General and administrative expenses were $10.0 million for the three months ended March 31, 2025 as compared to $12.0 million for the three months ended March 31, 2024, an overall decrease of $2.1 million, or 17.3%. The decrease in external costs and overhead of $2.2 million was primarily related to lower professional fees of $1.4 million primarily as a result of lower legal and accounting expenses and VAT recoveries of $0.5 million. The increase in employee expenses was primarily due to higher wages and benefits of $0.4 million, partially offset by lower recruitment costs of $0.1 million. The decrease in share-based compensation expense was primarily due to the timing of forfeitures of awards in connection with employee terminations.

Other Income (Expense)
Interest Income
Interest income includes interest received from banks on our cash balances. Our policy is to invest funds in a variety of capital preservation instruments, which may include all or a combination of cash and cash equivalents, short-term and long-term interest-bearing instruments, investment-grade securities, and direct or guaranteed obligations of the U.S. government.

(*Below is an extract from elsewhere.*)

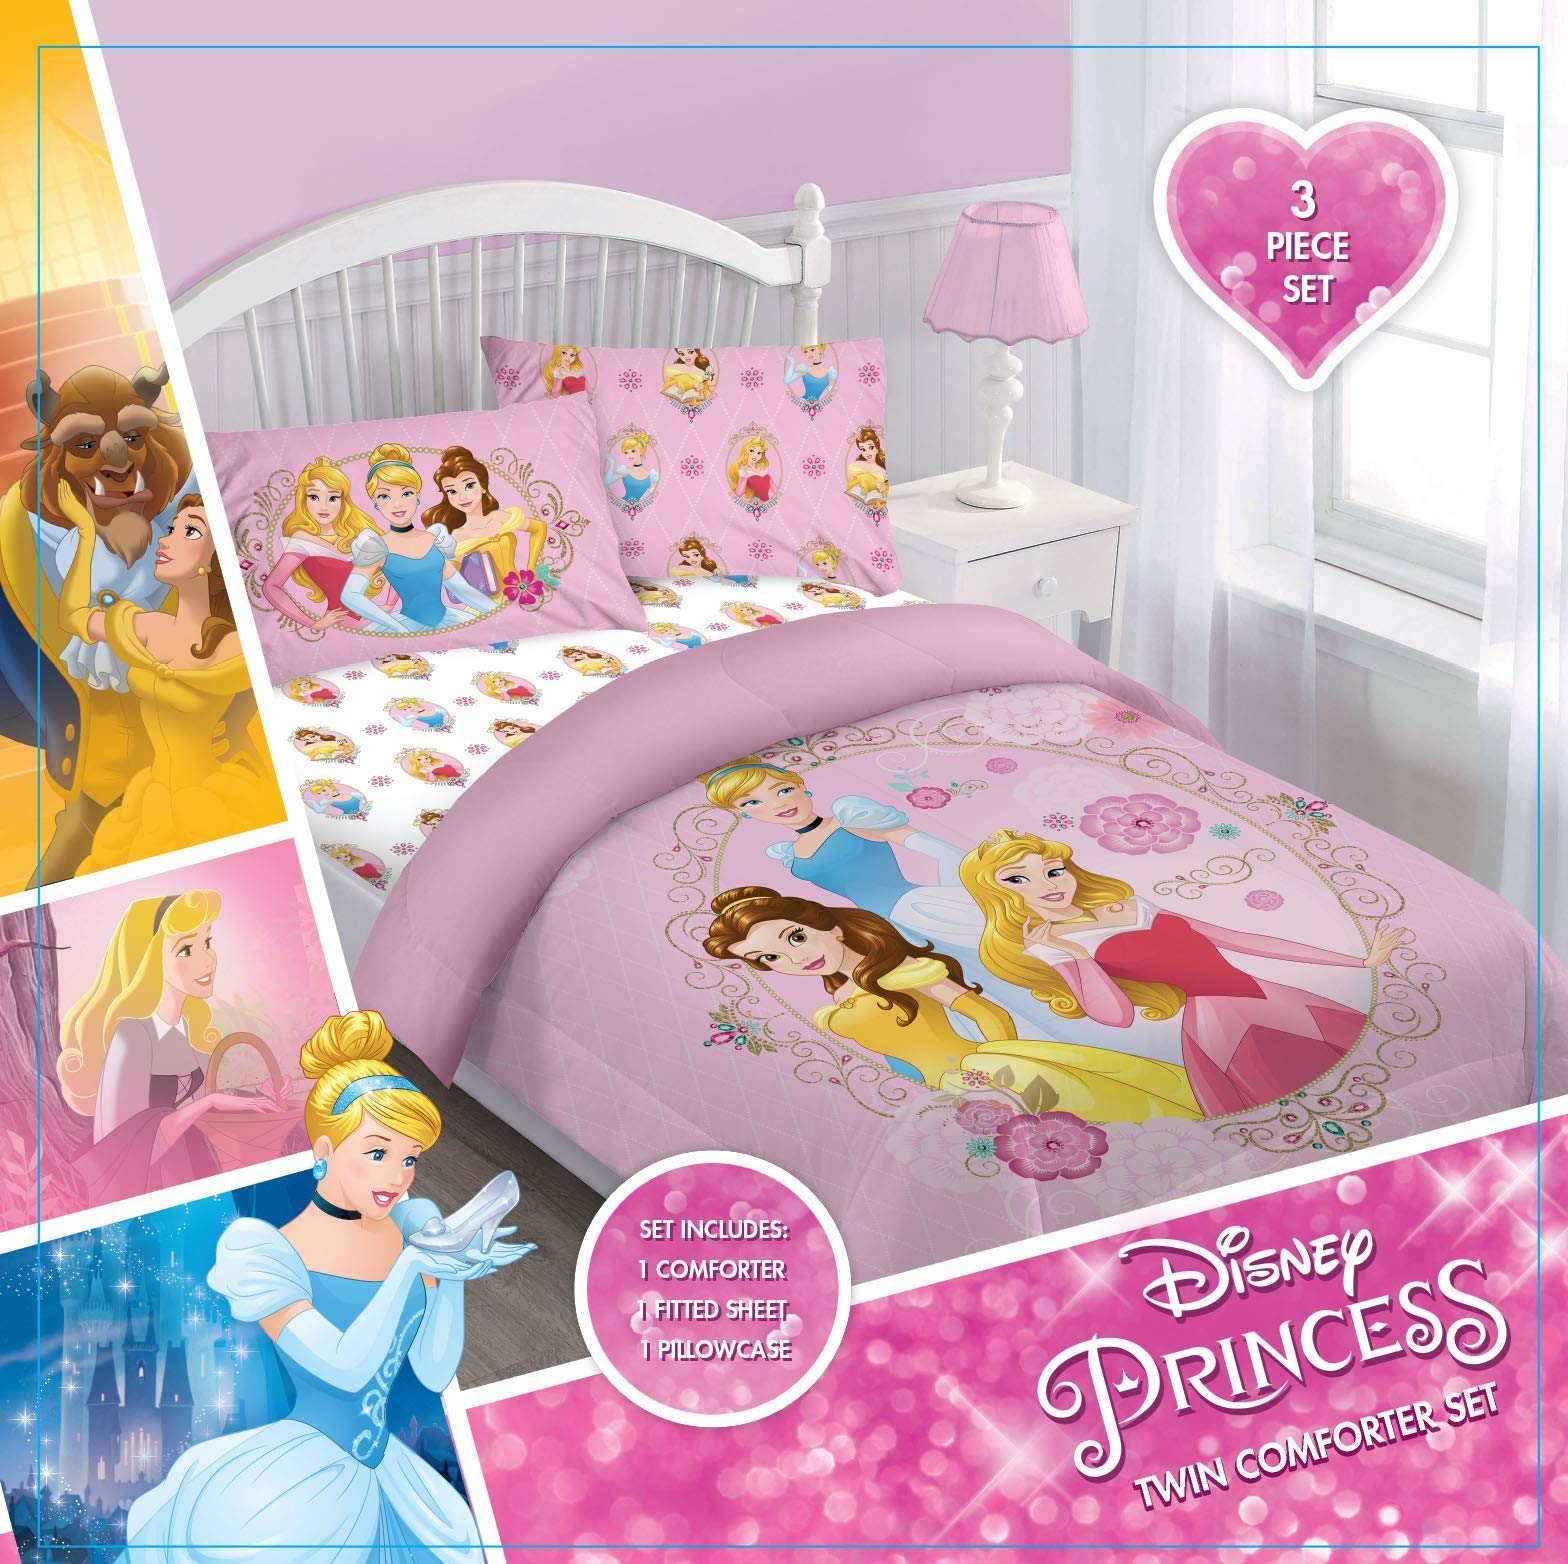 Comforter Set - Disney Princess Courage Twin
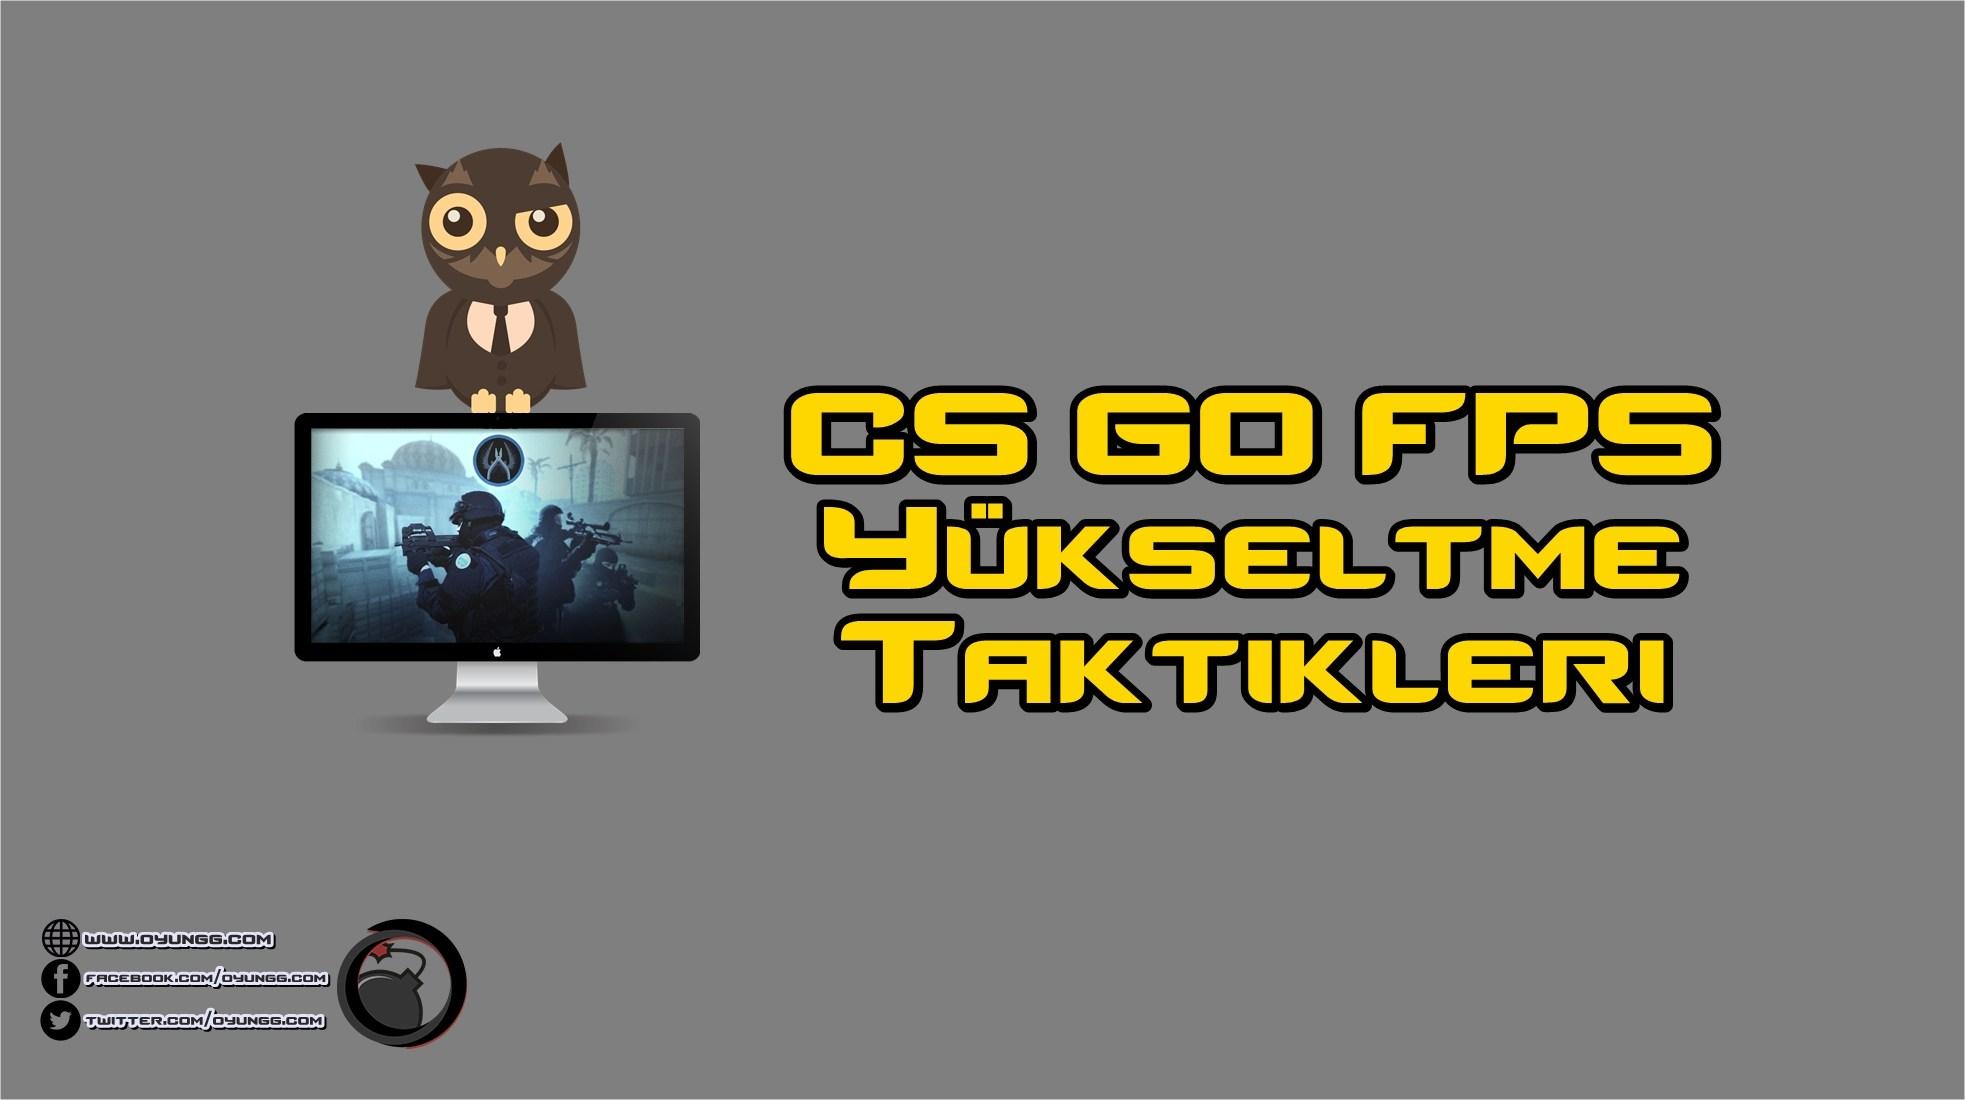 CS GO FPS Yükseltme Taktikleri

Interest income was $2.1 million for the three months ended March 31, 2025 as compared to $2.9 million for the three months ended March 31, 2024, a decrease of $0.9 million, or 30.3%. The decrease was primarily due to lower yields received on our cash deposits and lower average cash balances.
Interest Expense
Interest expense is primarily related to the accretion of our deferred royalty obligation with HCR and the senior secured term loan facility. Interest expense was $12.2 million for the three months ended March 31, 2025 as compared to $12.5 million for the three months ended March 31, 2024, a decrease of $0.3 million, or 2.1%. The overall decrease was related to lower interest on our senior secured term loan facility of $0.6 million as a result of a lower effective interest rate, partially offset by higher accretion of our deferred royalty obligation with HCR of $0.3 million.
Other, net
Other, net consists primarily of the change in the fair value losses of the Deerfield warrant obligation; and cumulative catch-up adjustments related to our deferred royalty obligation.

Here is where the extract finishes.